本文章由计算机程序翻译,如有差异,请以英文原文为准。
求助全文
约1分钟内获得全文 去求助
来源期刊
CiteScore
3.00
自引率
0.00%
发文量
0
审稿时长
72 days
期刊最新文献
Interplay between lifestyle factors and polygenic risk for incident coronary heart disease in a large multiethnic cohort Comorbidities and determinants of health on heart failure guideline-directed medical therapy adherence: All of us Case detection of familial hypercholesterolemia using various criteria during an annual health examination in the workplace Does the timing of blood pressure medication really matter?

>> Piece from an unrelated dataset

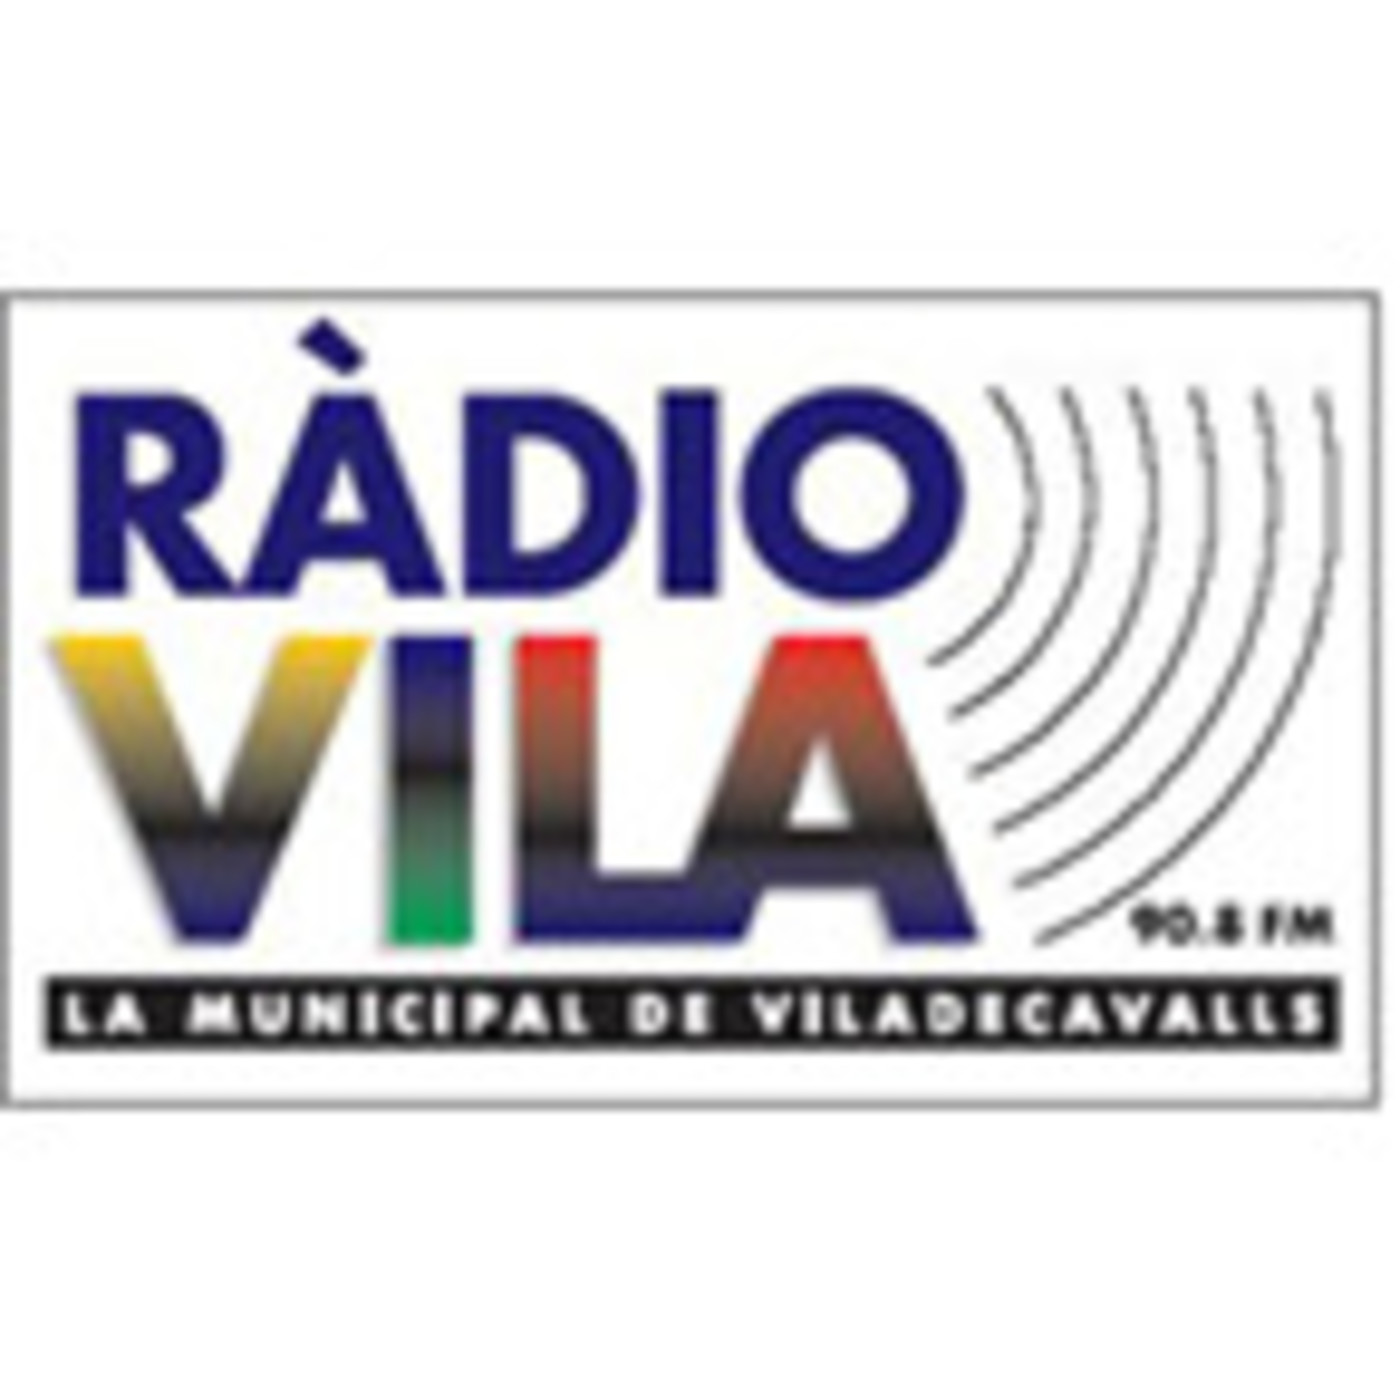 Ràdio Vila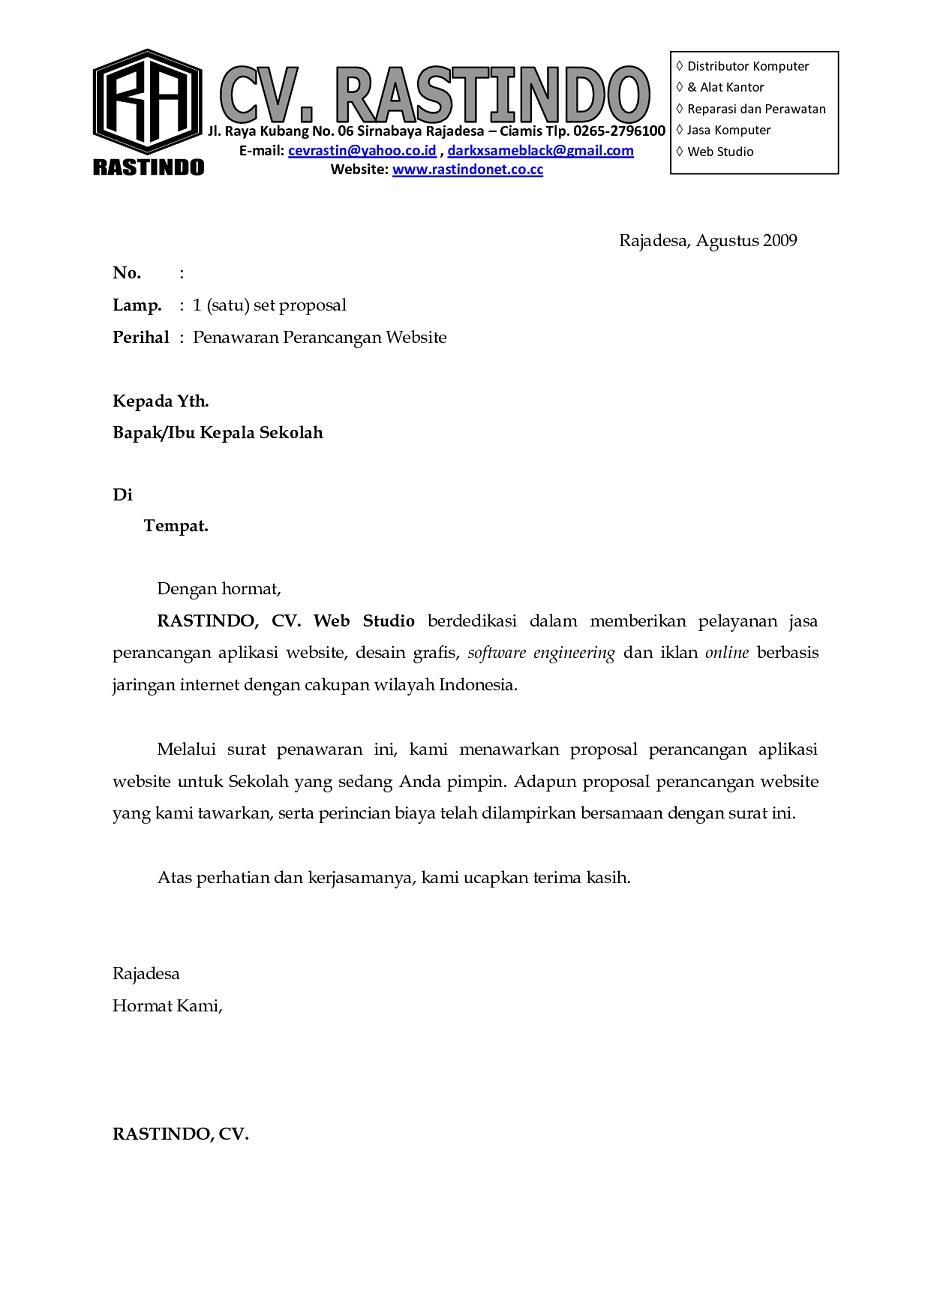 Contoh Surat dan Proposal Penawaran Jasa

Predictive value of glucose coefficient of variation for in-hospital mortality in acute myocardial infarction patients undergoing PCI: Insights from the MIMIC-IV database
×
引用
GB/T 7714-2015
复制
MLA
复制
APA
复制
导出至
BibTeX EndNote RefMan NoteFirst NoteExpress
×
×
提示
您的信息不完整,为了账户安全,请先补充。
现在去补充
×
提示
您因"违规操作"
具体请查看互助需知
我知道了
×
提示
现在去查看 取消
×
提示
确定
0
微信
客服QQ
Book学术公众号 扫码关注我们
反馈
×
意见反馈
请填写您的意见或建议
请填写您的手机或邮箱
已复制链接
已复制链接
快去分享给好友吧!
我知道了
×
扫码分享
扫码分享
Book学术官方微信
Book学术文献互助
Book学术文献互助群
群 号:481959085
Book学术
文献互助 智能选刊 最新文献 互助须知 联系我们:info@booksci.cn
Book学术提供免费学术资源搜索服务,方便国内外学者检索中英文文献。致力于提供最便捷和优质的服务体验。